When we don’t know the Platonic ideal for our data, however, sometimes we get greedy. Figure 5-6c represents an example of this: an overfit model. In figure 5-6c, we’ve devised a complex function57 that chases down every outlying data point, weaving up and down implausibly as it tries to connect the dots. This moves us further away from the true relationship and will lead to worse predictions.

This seems like an easy mistake to avoid, and it would be if only we were omniscient and always knew about the underlying structure of the data. In almost all real-world applications, however, we have to work by induction, inferring the structure from the available evidence. You are most likely to overfit a model when the data is limited and noisy and when your understanding of the fundamental relationships is poor; both circumstances apply in earthquake forecasting.

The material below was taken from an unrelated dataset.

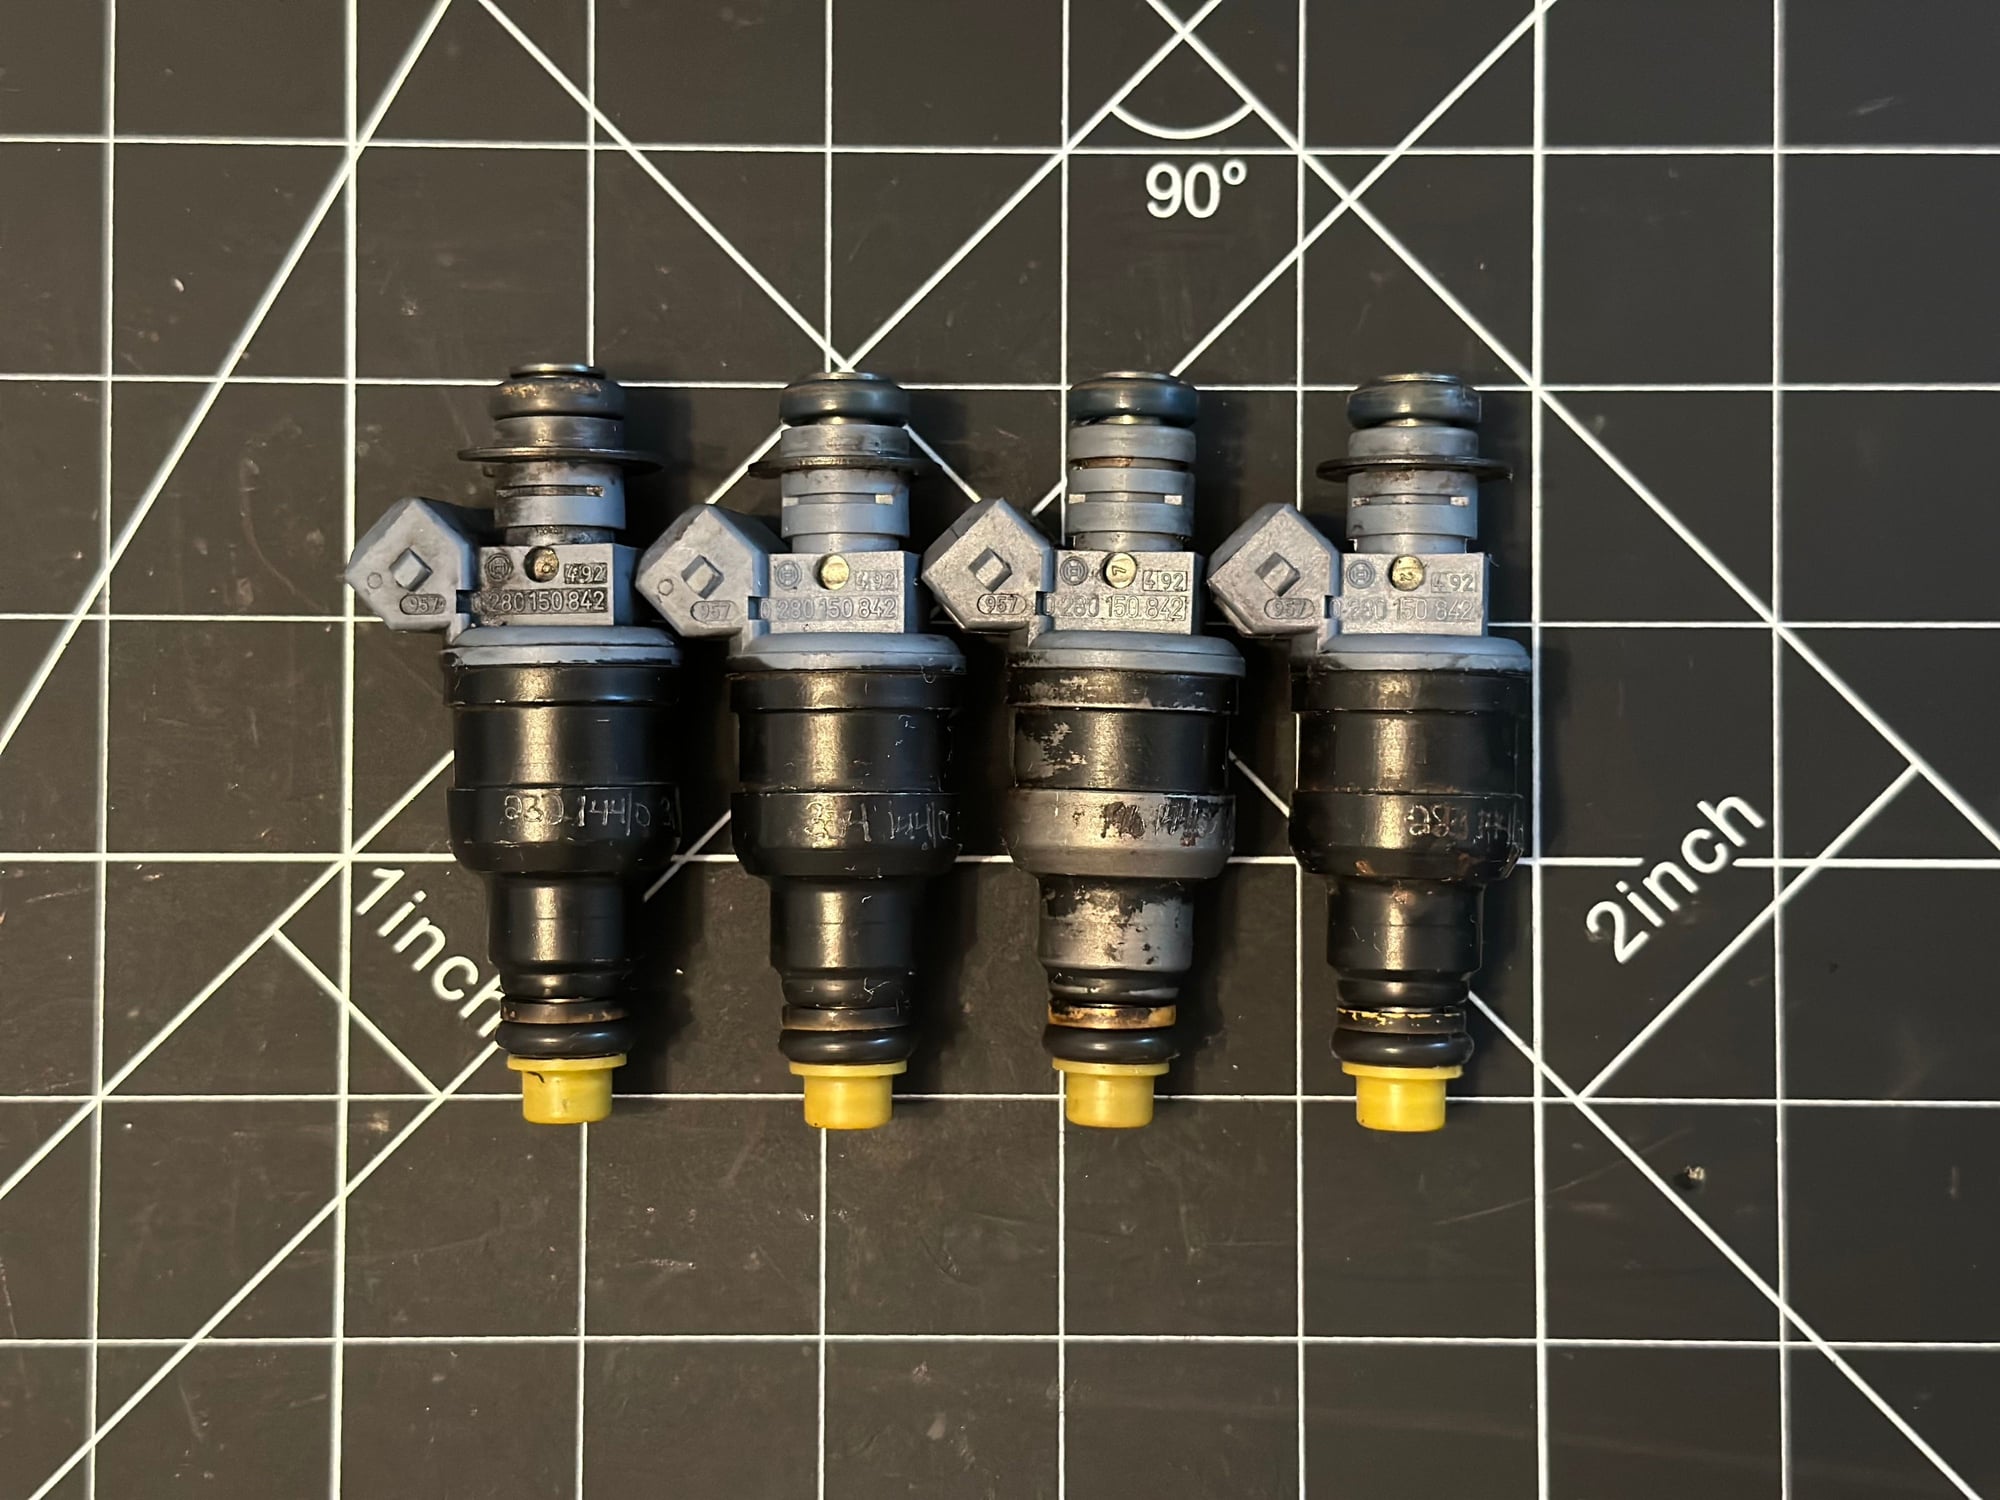 Engine - Intake/Fuel - Aeromotive FPR and Bosch Injectors - Used - 1985 to 2002 Mazda RX-7 - Chicago, IL 60605, United States

If we either don’t know or don’t care about the truth of the relationship, there are lots of reasons why we may be prone to overfitting the model. One is that the overfit model will score better according to most of the statistical tests that forecasters use. A commonly used test is to measure how much of the variability in the data is accounted for by our model. According to this test, the overfit model (figure 5-6c) explains 85 percent of the variance, making it “better” than the properly fit one (figure 5-6b), which explains 56 percent. But the overfit model scores those extra points in essence by cheating—by fitting noise rather than signal. It actually does a much worse job of explaining the real world.58

As obvious as this might seem when explained in this way, many forecasters completely ignore this problem. The wide array of statistical methods available to researchers enables them to be no less fanciful—and no more scientific—than a child finding animal patterns in clouds.* “With four parameters I can fit an elephant,” the mathematician John von Neumann once said of this problem.59 “And with five I can make him wiggle his trunk.”

Overfitting represents a double whammy: it makes our model look better on paper but perform worse in the real world. Because of the latter trait, an overfit model eventually will get its comeuppance if and when it is used to make real predictions. Because of the former, it may look superficially more impressive until then, claiming to make very accurate and newsworthy predictions and to represent an advance over previously applied techniques. This may make it easier to get the model published in an academic journal or to sell to a client, crowding out more honest models from the marketplace. But if the model is fitting noise, it has the potential to hurt the science.

As you may have guessed, something like Keilis-Borok’s earthquake model was badly overfit. It applied an incredibly complicated array of equations to noisy data. And it paid the price—getting just three of its twenty-three predictions correct. David Bowman recognized that he had similar problems and pulled the plug on his model.

To be clear, these mistakes are usually honest ones. To borrow the title of another book, they play into our tendency to be fooled by randomness. We may even grow quite attached to the idiosyncrasies in our model. We may, without even realizing it, work backward to generate persuasive-sounding theories that rationalize them, and these will often fool our friends and colleagues as well as ourselves. Michael Babyak, who has written extensively on this problem,60 puts the dilemma this way: “In science, we seek to balance curiosity with skepticism.” This is a case of our curiosity getting the better of us.

An Overfit Model of Japan?

Our tendency to mistake noise for signal can occasionally produce some dire real-world consequences. Japan, despite being extremely seismically active, was largely unprepared for its devastating 2011 earthquake. The Fukushima nuclear reactor was built to withstand a magnitude 8.6 earthquake,61 but not a 9.1. Archaeological evidence62 is suggestive of historic tsunamis on the scale of the 130-foot waves that the 2011 earthquake produced, but these cases were apparently forgotten or ignored.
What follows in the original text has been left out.